After progressing to platinum-based first-line chemotherapy, there are no standard treatments. Immune checkpoint inhibitors can be considered as monotherapy [III, B]. Chemotherapy or epidermal growth factor receptor targeting inhibitors may be considered as possible alternatives, taking into account that there is no specific approval for any drug [III, C].
Follow-up
The optimum follow-up schedule for vulval cancer remains undetermined. Follow-up visits provide an important opportunity to address the long-term physical and psychological impact of vulvar cancer and its treatment. Access to specialist support services such as lymphedema clinics and psychosexual counseling can improve quality of life for survivors of this disease. From an oncological perspective, follow-up is aimed at the evaluation of treatment effect as well as the prevention and early detection of subsequent tumors. The suggested schedule is intended as a general guideline and follow-up schedules should be individualized with these aspects in mind. The typical areas for recurrences are vulva/perineum, inguinofemoral region, multiple sites, and distant metastasis in decreasing order of frequency.125 Follow-up visits should include symptom review, and examination of the vulva, skin bridge, and inguinofemoral lymph nodes. Multicentric high-grade dysplasia in the lower genital tract occurs in ~10% of patients who present with vulval cancer.126 127 Where not available at presentation, cervical/vaginal screening with HPV testing/cytology should be considered at 6–12 months following primary treatment. Detection of local recurrence at ‘routine’ surveillance visits may lead to detection at a smaller size and facilitate treatment with a curative intent.128 However, evidence is conflicting as to whether routine clinical surveillance provides earlier detection that symptom-triggered review.129
For node-negative patients treated with SLN dissection, the risk of nodal recurrence appears to be within the first 2 years after treatment and salvage therapy can be effective in this group.130 The option of ultrasound surveillance of the groins may be considered for these patients but there is a lack of proven benefit/cost-effectiveness and regional variation in clinical availability of ultrasound.131 As such it is not mandatory in this setting.

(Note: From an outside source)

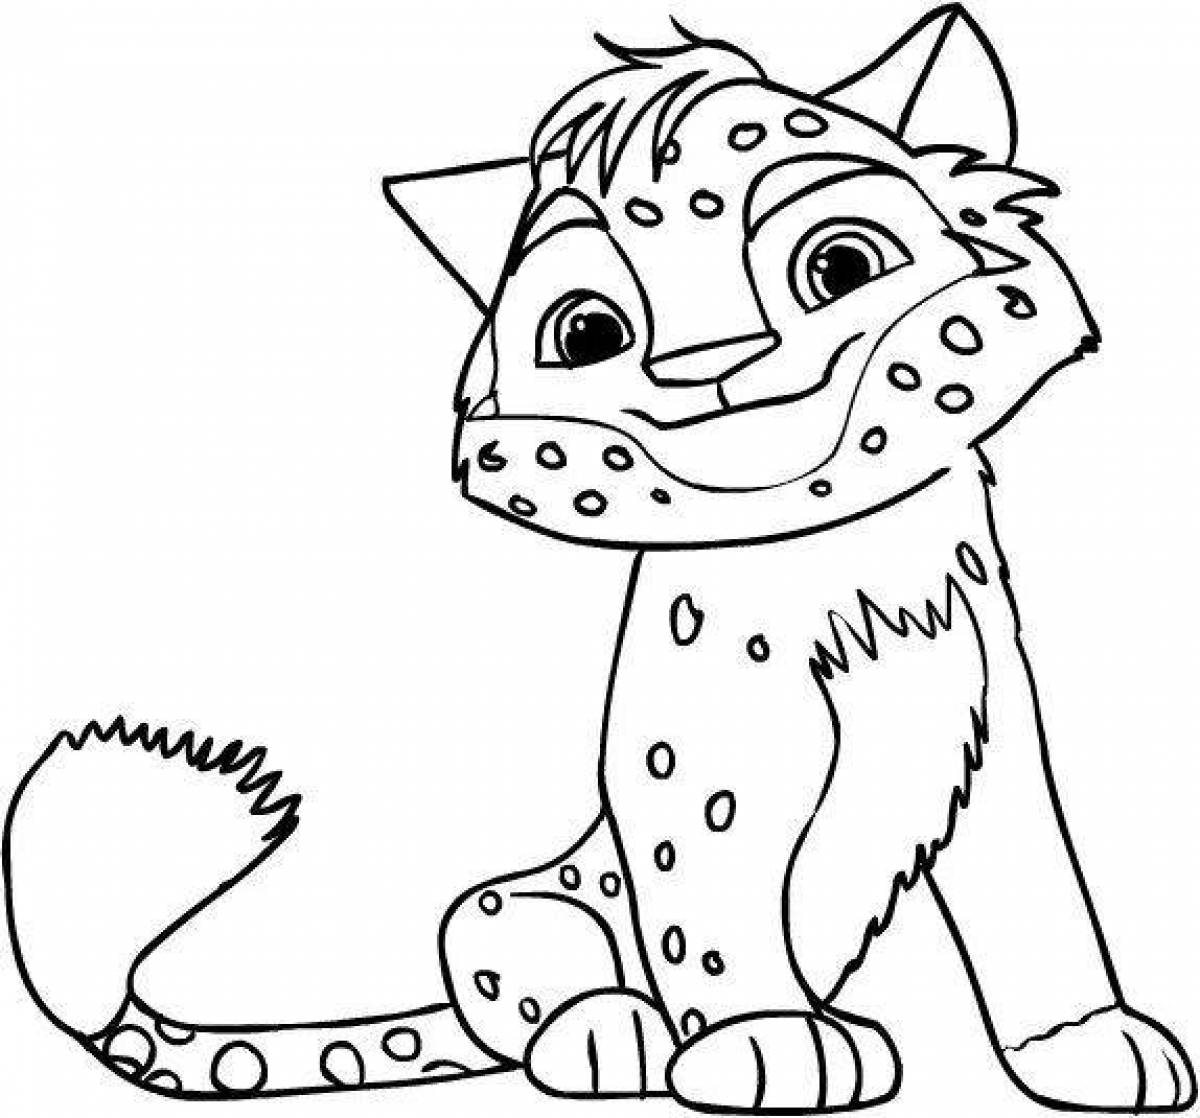 Impressive tiger and lion coloring page

The risk of local recurrence and new primary disease persists over time with a significant incidence of recurrence at 5–10 years following initial treatment. This suggests a possible role for long-term follow-up after primary treatment for vulval cancer. The evidence is lacking as to the clinical benefit or cost-efficiency of extended follow-up. However, in addition to detecting recurrence, many patients have long-term vulval dermatoses and active management of these conditions remains an important part of long-term management. There is the potential for individualization of follow-up regimes, taking into account the known risk factors for recurrence. These include age, pre-existing vulval lichen sclerosus or dysplasia, and nodal positivity at treatment.6 29 130 132 133
Recommendations
The optimal follow-up schedule for vulvar cancer is undetermined [V, C].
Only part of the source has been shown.